My 1949 Minneapolis Moline ZA tractor:
She is sleek and beautiful in all of her Prairie Gold and Cherry Red splendor. I can feel the work she’s done in the field over the last 64 years and the hands that started her and cared for her. Although she has a small leak or two around the engine block, it does not stop her from the love of the tractor drive or pulling her Case one-way through the field in the spring.
She is the first tractor I’ve ever owned. My love found her for me and took me to go for a drive where we ended up seeing her in the driveway of her former owner. It is special to me that he took the time to find her and then to get me to her and then to bring her home. I will always treasure the caring that went into that. Talking with her former owner, Joe, I knew that she had been loved. I will never forget the way Joe stood on his deck and watched the ZA until we were out of sight around the corner. I captured her journey home and wrote the story, sending it to Joe and his wife Thelma, so they would know she had a new and very good home where she would be equally loved and cared for.
She represents a time gone by when life was simple and honest and true. She represents family and working hard and feeling good about that hard work at the end of the day. She represents good rest after hard work. She represents love of land and the sun on your shoulders and the wind in your face. She represents a connection to a time and place that are very difficult to find anymore.
My tractor makes me feel powerful. When I run this tractor I feel like I am in charge of the world, like I am free and wild, unrestrained and no one can hold me back. It is much the same feeling I have when I ride a horse.
The memories that this object evokes are of a beautiful drive through the mountains with Robert. I was completely unaware that he had planned this drive to introduce me to the ZA. I like to think that all the memories of everyone who ever owned this tractor are mine now. Her low purr reminds me of the story of The Little Engine Who Could.
She has carried me over many roads for work and for pleasure. Even the work is pleasure when she is involved. She is not flashy, but will catch your eye because she is unique. She is not so much powerful, but she gets the job done. She is a character! She embodies resilience, strength, purpose, courage and simple beauty.
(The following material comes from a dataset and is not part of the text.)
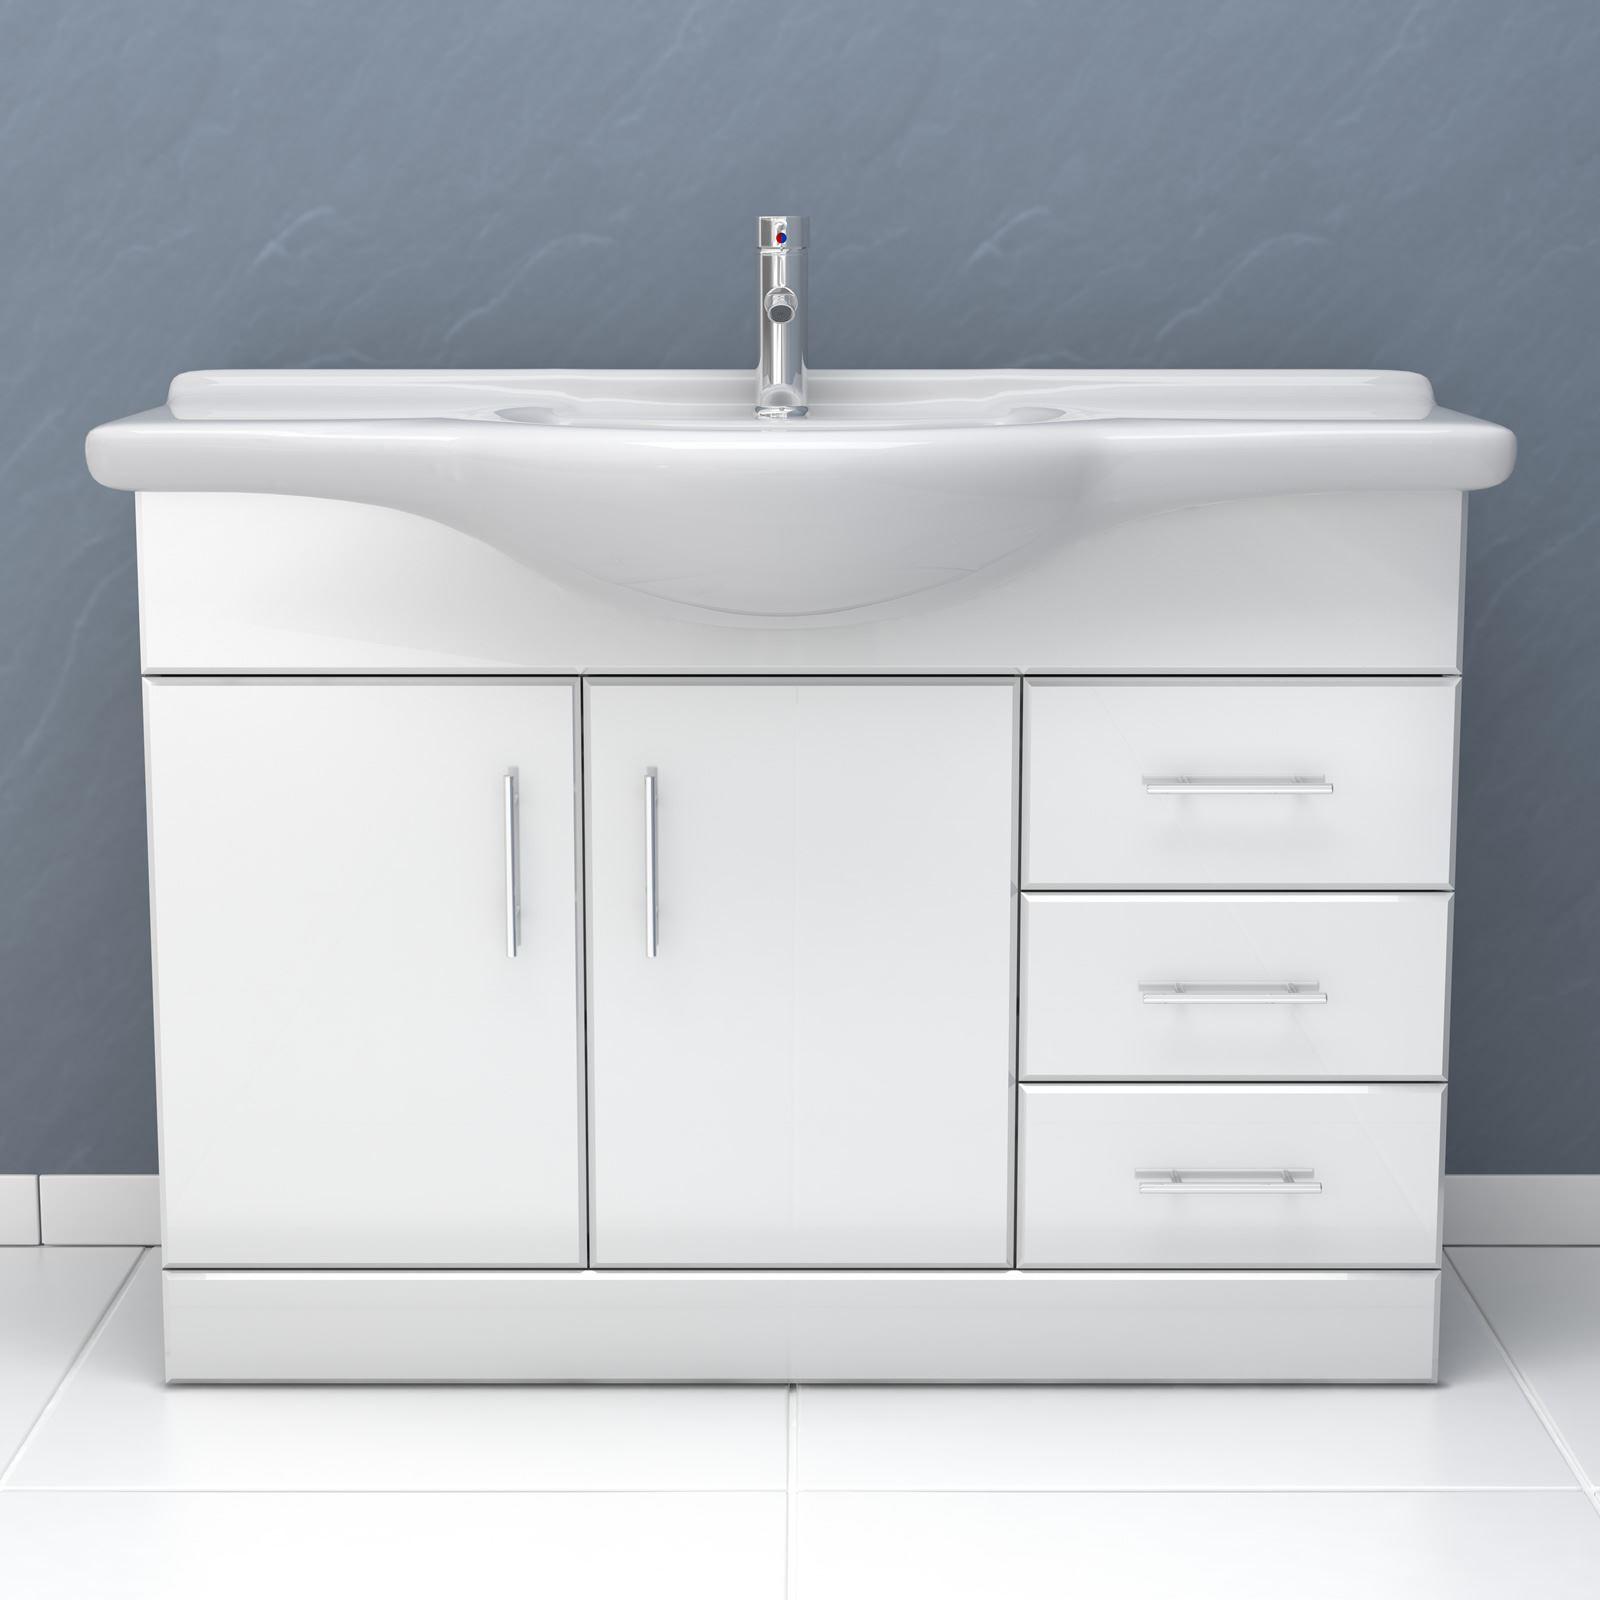 Excellent Vanity Bathroom Design Bathroom Bathroom Cabinets Bathroom Ideas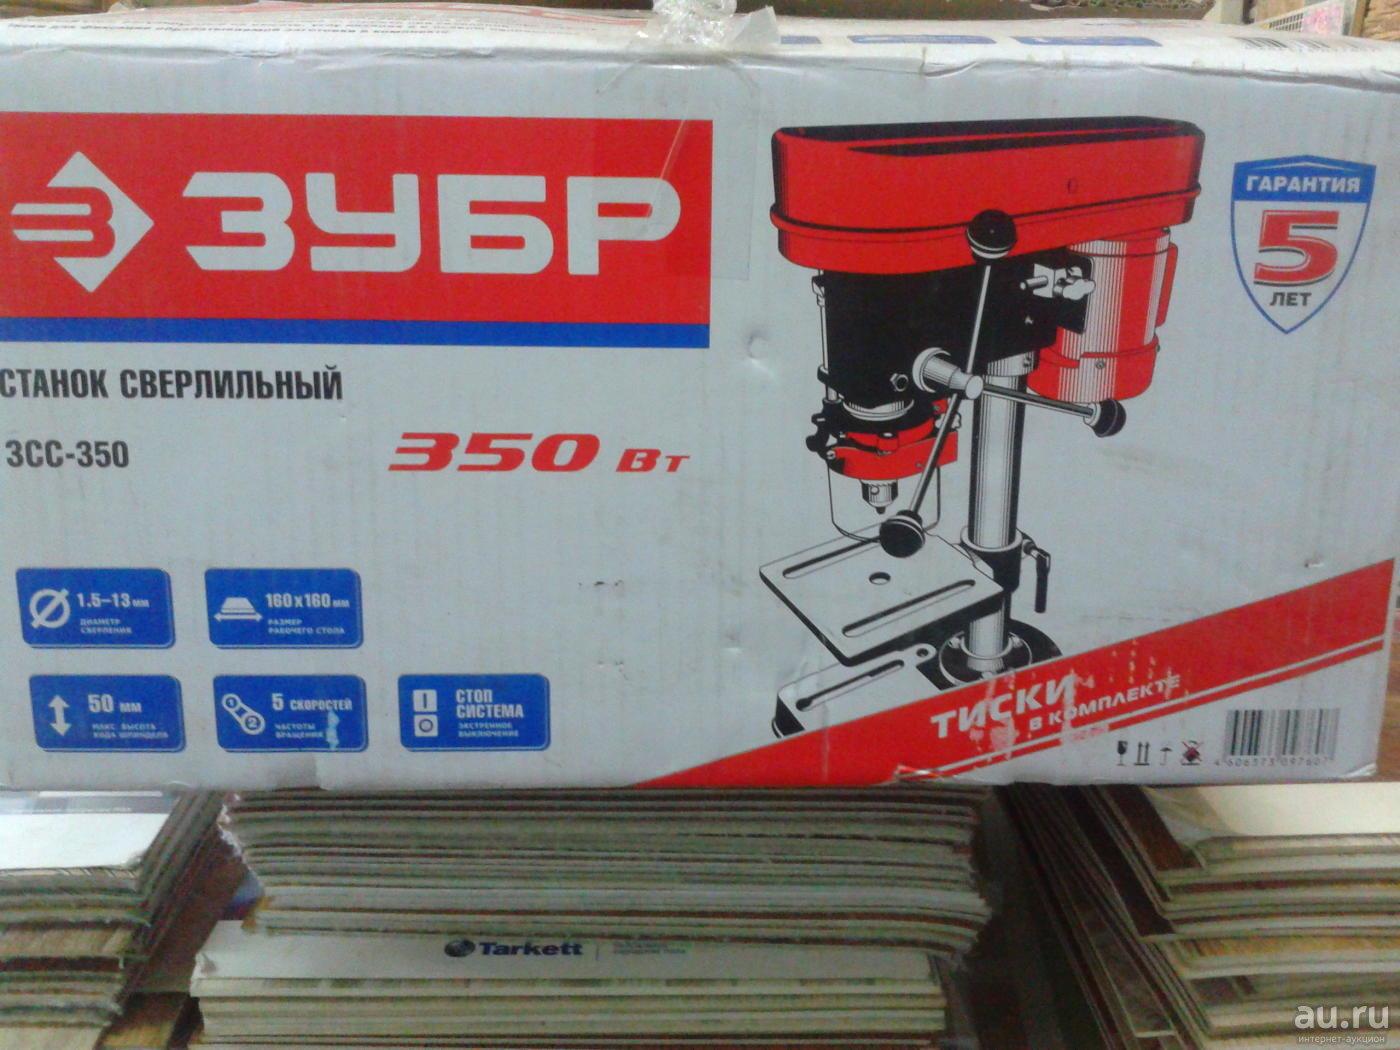 Вертикально-сверлильный станок Зубр ЗСС-350

She could tell you so many stories of a family farm and purchasing a brand new tractor to make the work easier. She could tell you of little children climbing on for a ride and of men driving her from dawn to dusk to work the field, plant the crop, harvest the crop, and start all over again. She could tell of her journey across the country, and landing in a little mountain town in Colorado and then being totally refurbished and readied for tractor pull contests. She could tell you of all the trophies she won and of the sadness of age catching up to her owners and their decision to let her go. She could tell you of that last journey from the mountains to the eastern plains of Colorado and going to tractor shows and pulling grain binders and bundle wagons and hay sleds to feed cattle and one-ways to work fields and so much more. She is my Minneapolis Moline ZA.